National Observer: A first-hand account of government surveillance
This journalist experienced first hand what Canada will look like if Bill C-51 is passed. Keep speaking up at StopC51.ca Article by Darren Fleet for the National Observer Out of morbid curiosity I made a Freedom of Information request to the government spy agency, CSIS. I asked them if I had ever been subject to surveillance. To help with their inquiry, I gave them my name, and a brief description of my activities over the past five years – writing, environmental and social activism, and working for the Vancouver Observer and Adbusters magazine.

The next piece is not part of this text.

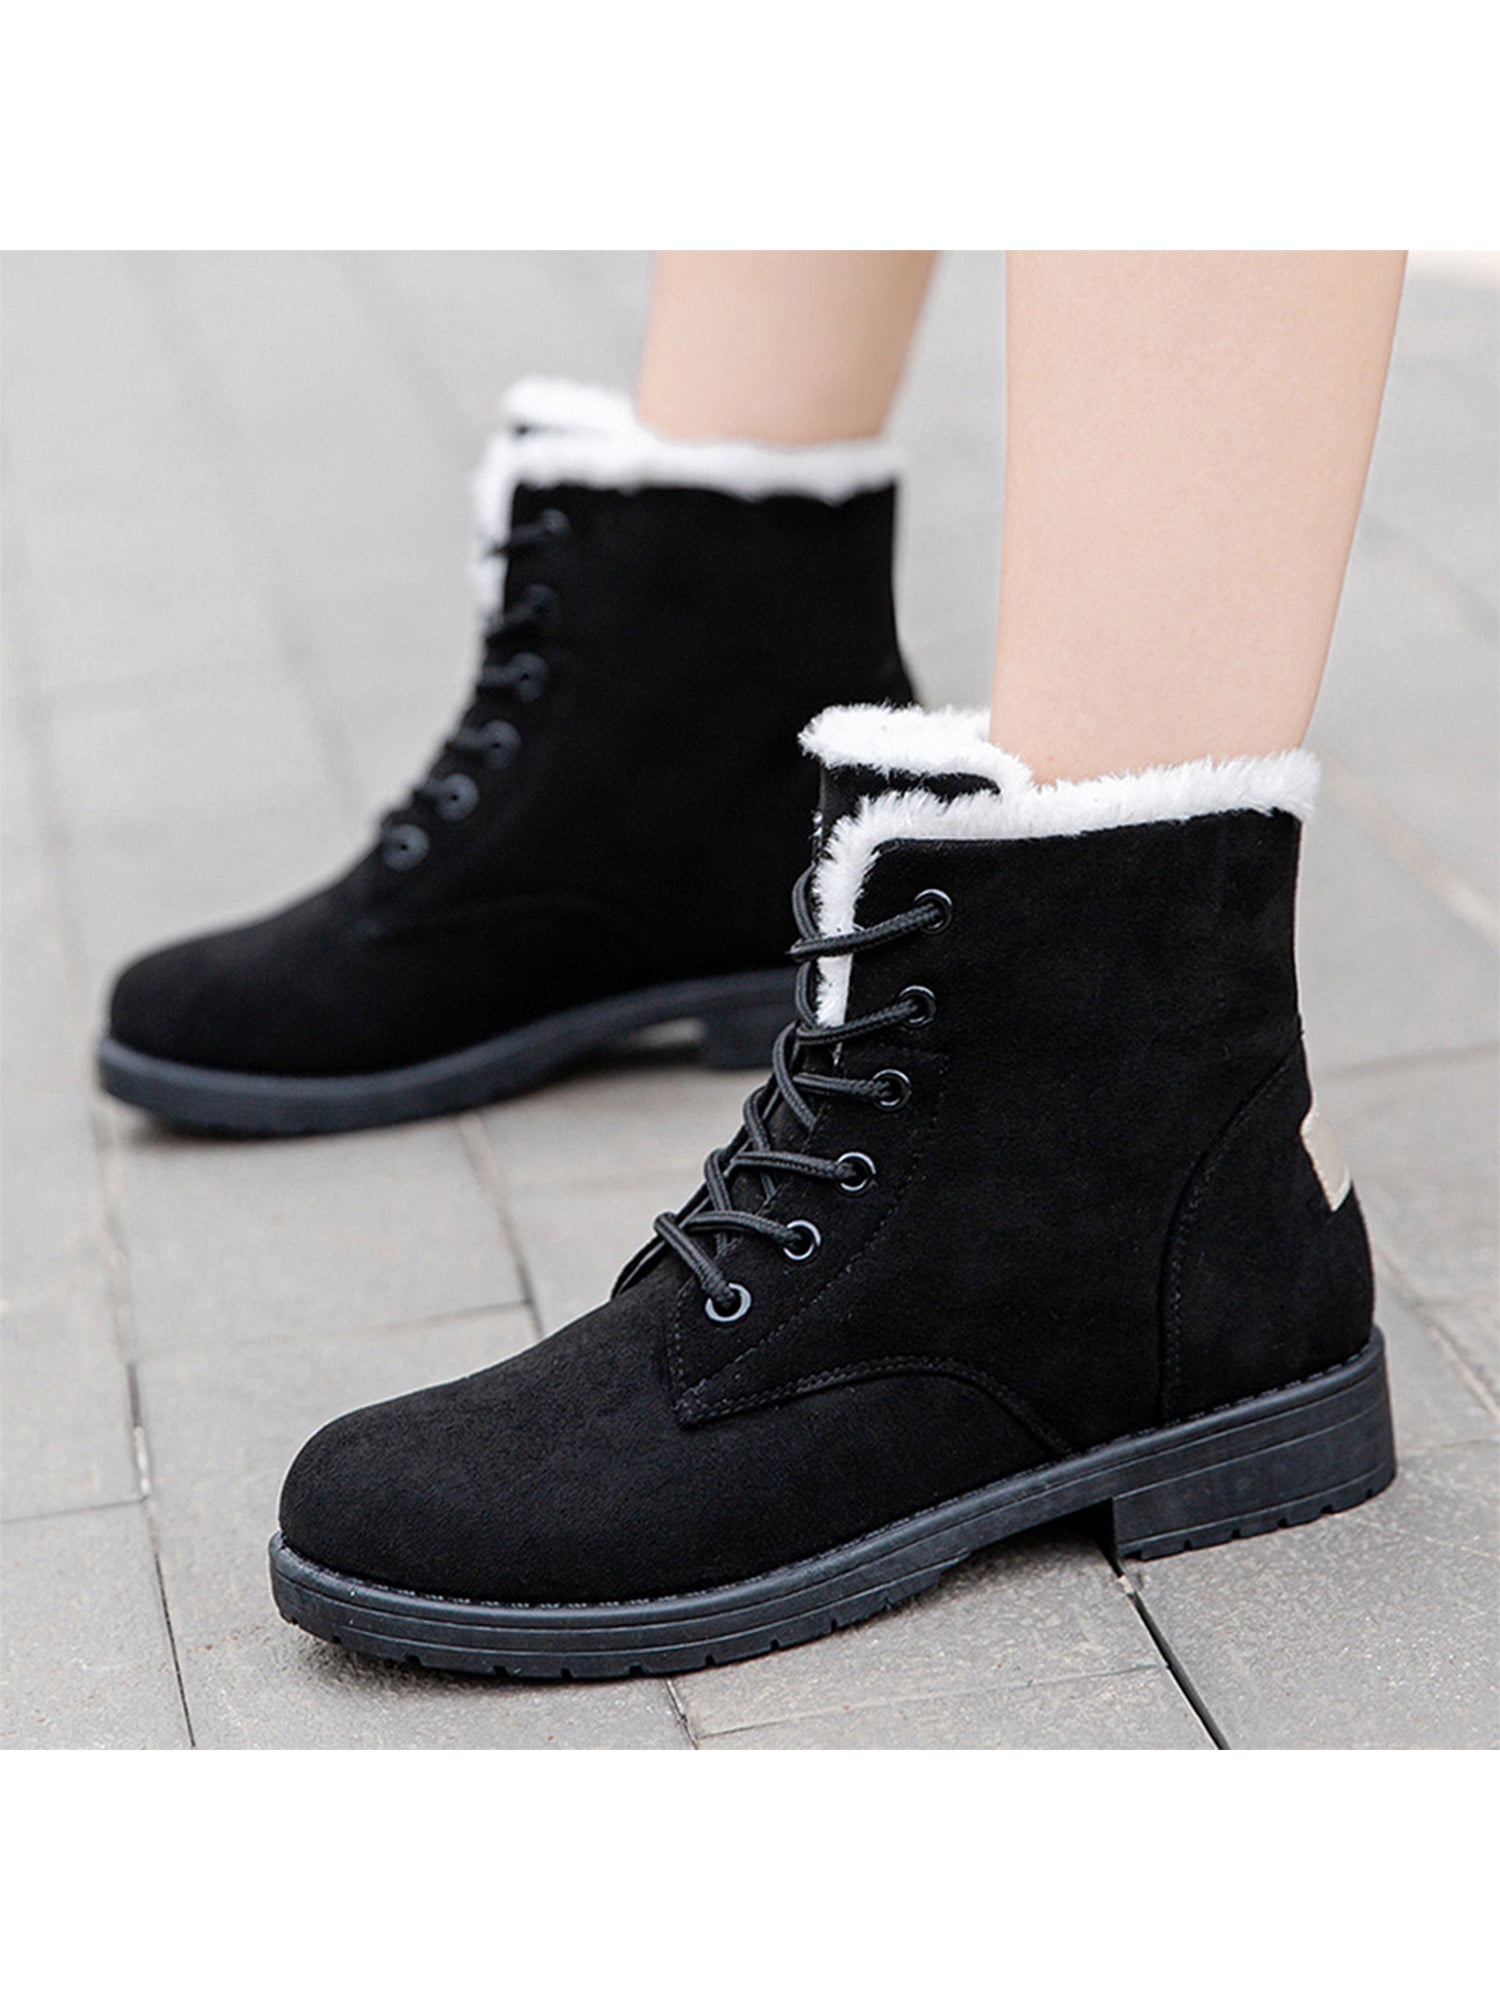 Women's girl  Faux Suede Lace Up flat Winter Warm Snow Ankle Boots Shoes

What I received in reply scared the shit out of me. It said:
Pursuant to subsection 10(2) of the Act, we neither confirm nor deny that the records you requested exist. We are, however, advising you, as required by paragraph 10(1)(b) of the Act that such records, if they existed, could reasonably be expected to be exempted under one or more of sections 15(1) (as it relates to the efforts of Canada towards detecting, preventing or suppressing subversive or hostile activities), 16(1)(a), and (c), of the Act.
Yep. Subversive and hostile. Me. Ph.D. student. Married. Father. Fantasy Football addict. Gardener.
Now in all fairness, I made a pretty broad request. And as any journalist knows, you never ask more than one question in a question, otherwise folks just answer whatever they want to and ignore the rest. Yet still, I was hoping for something that would calm a few of my more anxious nerves.
Since that day in April, the letter has remained on my desk, untouched but resonant with the proverbial deafening silence. Some days I want to frame it. Some days I tell jokes about it. Some days I want to exercise my right of appeal under the Access to Information Act, and send it back to them. Most days, however, I just want to forget about it, and try not kick myself too much for giving the spy agency any more reason to look, or not look, at me.